Mr. Wertenteil has cited to various Appellate Division cases [See e.g. Rosario v Elishis, 270 AD2d 404, 405 (2d Dept 2000); Avital v Avital, 152 AD2d 523, 524 (2d Dept 1989); Mayo v New York Telephone Co., 175 AD2d 390 (3d Dept 1991); Poole v Mayer, 112 AD2d 853 (1st Dept 1985)], pronouncing the errors of the trial courts in failing to grant adjournments premised on the engagement of trial counsel, under varying scenarios, unified by the appellate court sensibility that resolution of matters on the merits is generally favored.

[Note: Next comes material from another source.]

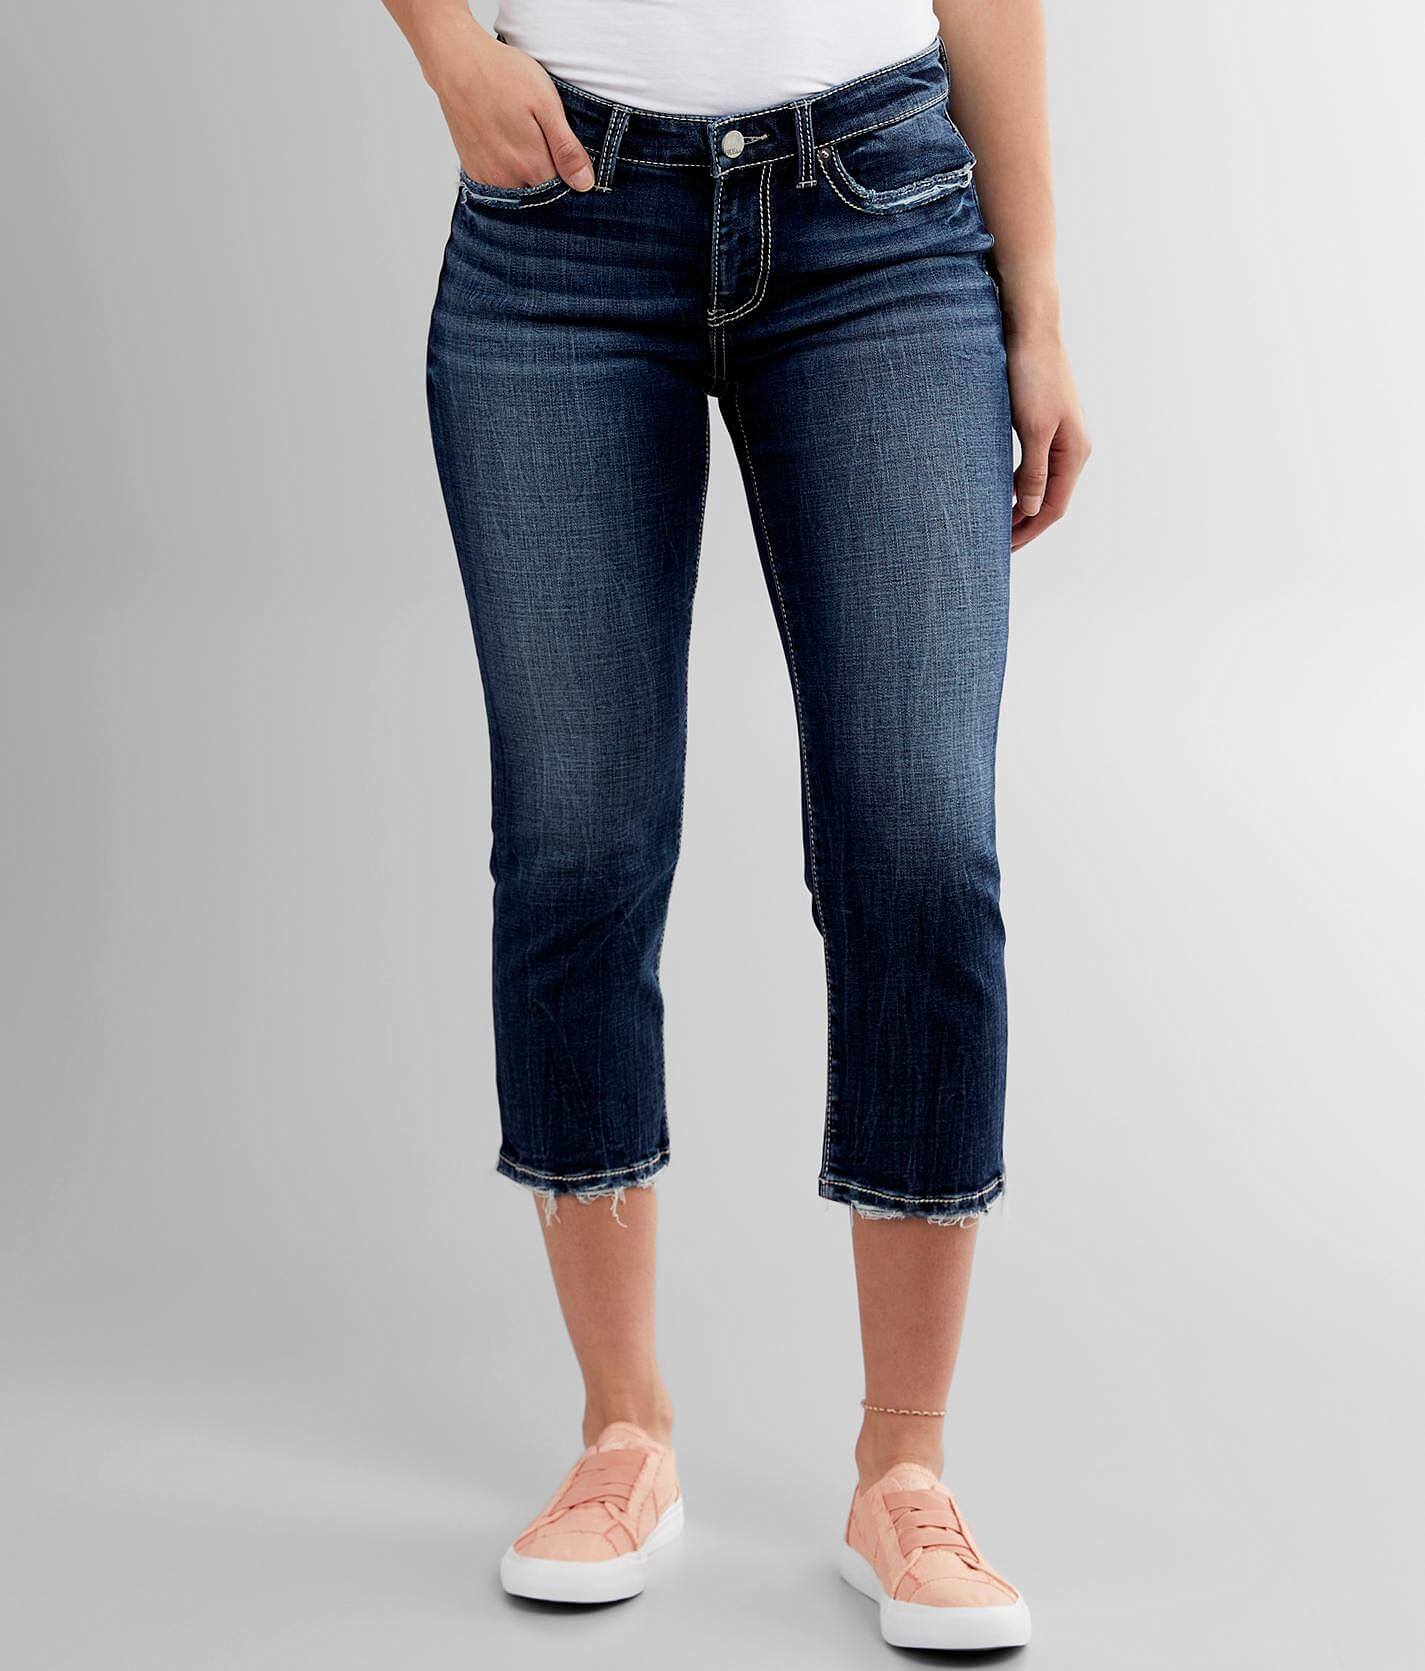 buckle capri jeans

Claimant's deposition sets forth the basic facts he is alleging concerning his claim of injury on June 11, 1998 due to a dangerous recurring condition allowed to exist in the messhall at Fishkill Correction Facility. A letter purportedly sent to the Superintendent of the facility two months earlier complaining of the dangerous conditions in the messhall suggests that there might have been notice as required to establish liability against the State. Thus there might be merit to the Claimant's cause of action.

Finally, the Second Department appears reluctant to sustain dismissal on procedural grounds alone and, as noted earlier, enforce consideration of cases on the merits almost regardless of the level of dilatory conduct by counsel. See e.g. Weekes v Karayianakis, 304 AD2d 561 (2d Dept 2003); Mita v Bianchi, 286 AD2d 376 (2d Dept 2001); Ahroni v City of New York, 175 AD2d 789 (2d Dept 1991); Tschernia v Embanque Capital Corporation, 161 AD2d 585 (2d Dept 1990).

Although the Court is frustrated by the failure to properly use the procedure for engagement of counsel at the earliest possible opportunity, the sensibility regarding resolution of matters on the merits is shared by this Court, and will therefore be honored.

Accordingly, Claimant's motion number M-68397 to vacate the judgment of dismissal rendered herein, and to restore the Claim is hereby granted.

August 5, 2004
White Plains, New York

HON. THOMAS H. SCUCCIMARRA
Judge of the Court of Claims




[1] The Civil Practice Law and Rules generally apply in the Court of Claims except where provisions of the Court of Claims Act already address an issue. See Court of Claims Act §9(9).